Hi,
I'm looking at building a system for managing and reporting stats on web page performance. I'll be collecting a lot more stats than are available in the standard log formats (approx 20 metrics) but compared to most types of database applications, the base data structure will be very simple. My problem is that I'll be accumulating a lot of data - in the region of 100,000 records (i.e. sets of metrics) per hour.
Of course, resources are very limited!
So that its possible to sensibly interact with the data, I'd need to consolidate each metric into one minute bins, broken down by URL, then for anything more than 1 day old, consolidated into 10 minute bins, then at 1 week, hourly bins.
At the front end, I want to provide a view (prefereably as plots) of the last hour of data, with the facility for users to drill up/down through defined hierarchies of URLs (which do not always map directly to the hierarchy expressed in the path of the URL) and to view different time frames.
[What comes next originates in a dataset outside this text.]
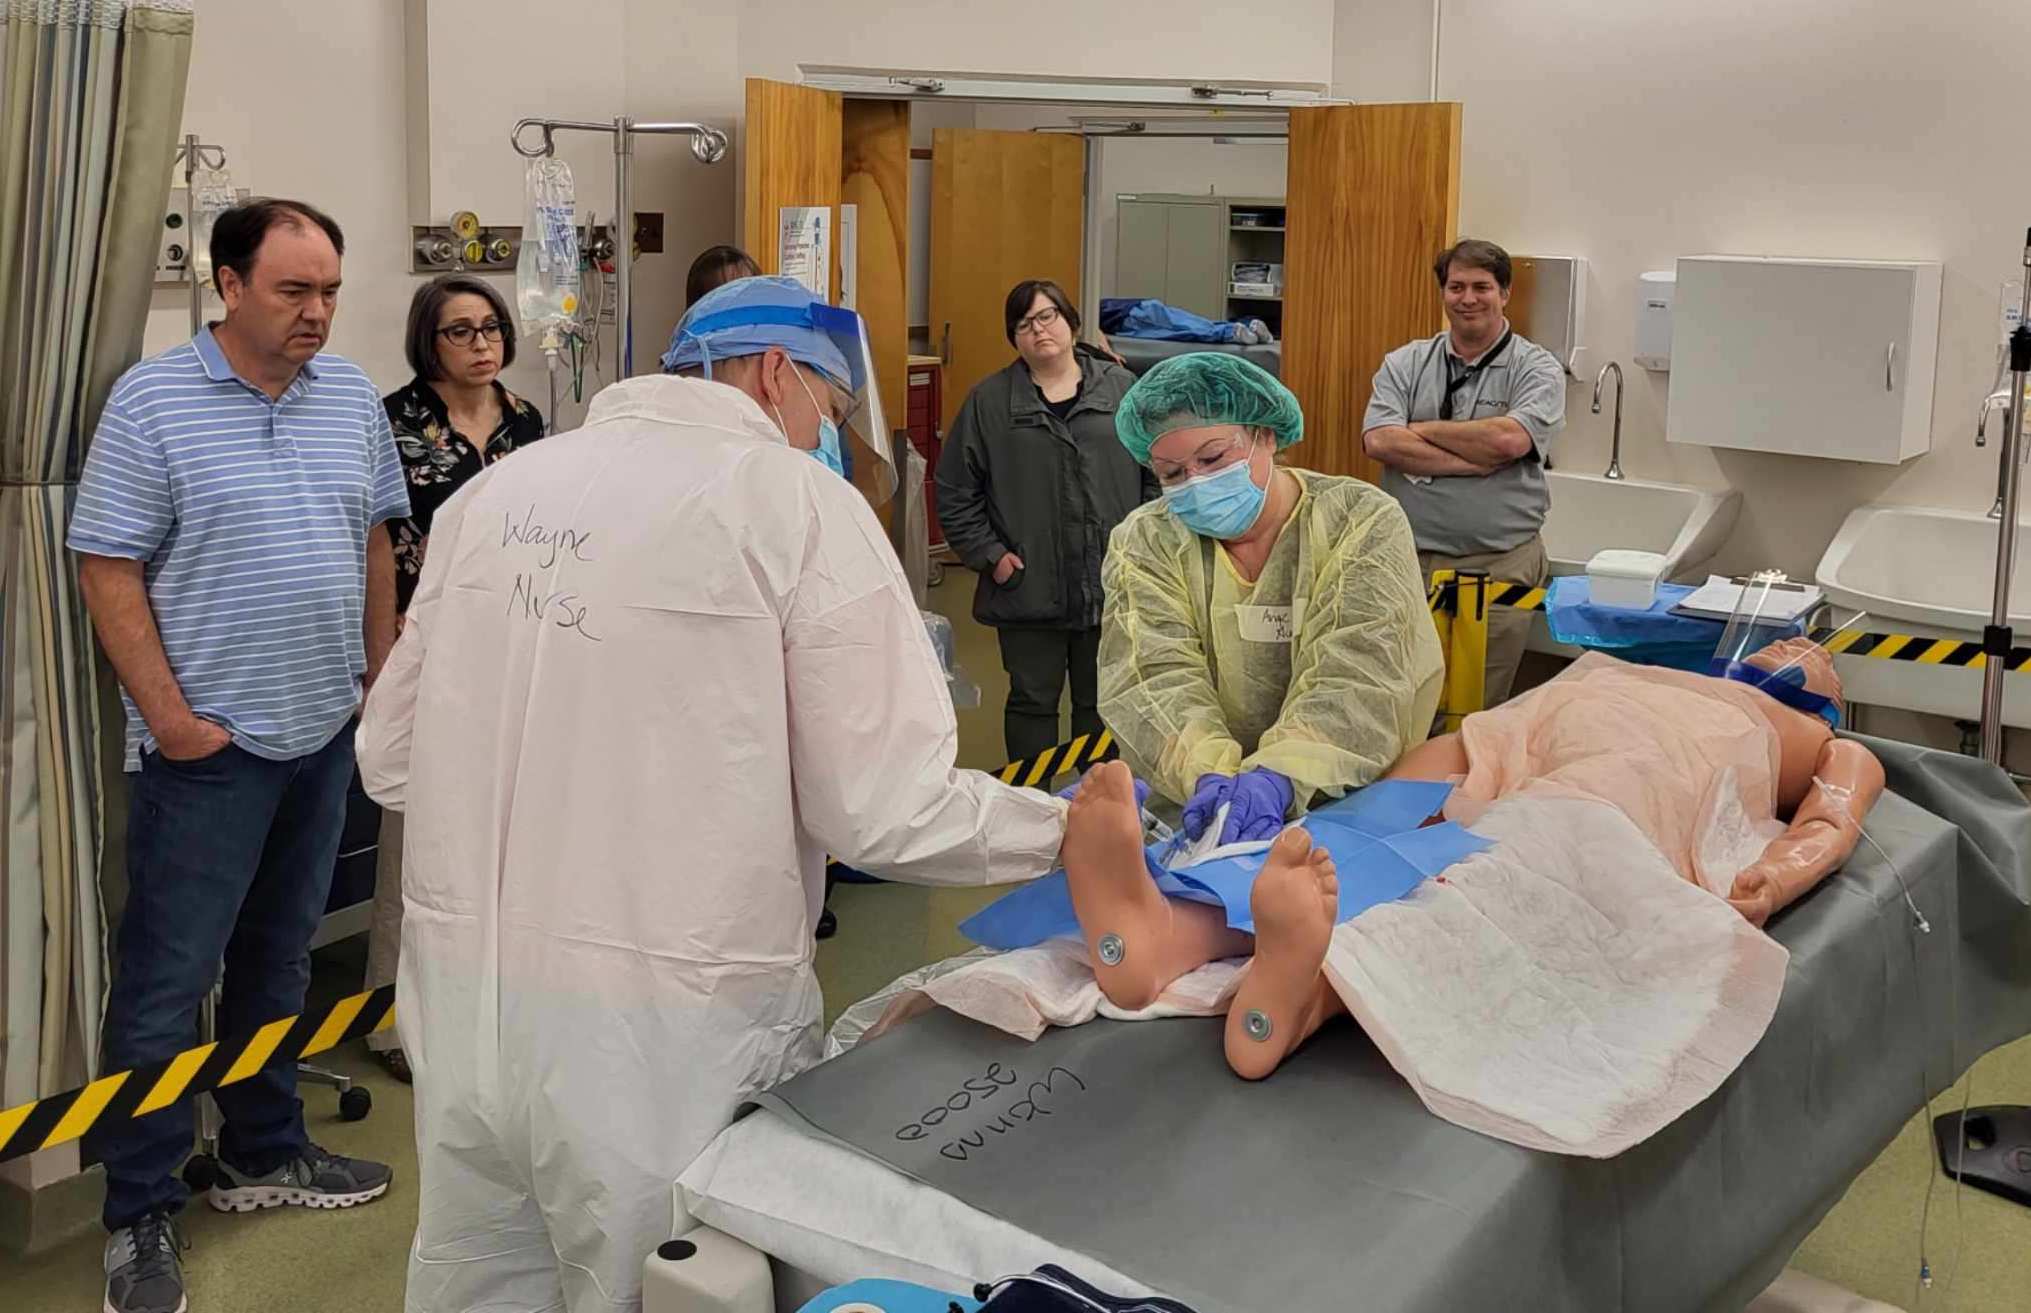 REAC/TS conducted a Radiation Emergency Medicine course at its Oak Ridge facility on April 5-7, 2022

Rather than coding all this myself and using a relational database, I was wondering if there were tools available which would facilitate both the management of the data and the reporting.
I had a look at Mondrian however I can't see from the documentation I've looked at whether it's possible to drop the more granular information while maintaining the consolidated views of the data.
RRDTool looks promising in terms of managing the data consolidation, but seems to be rather limited in terms of querying the dataset as a multi-dimensional/relational database.
What else whould I be looking at?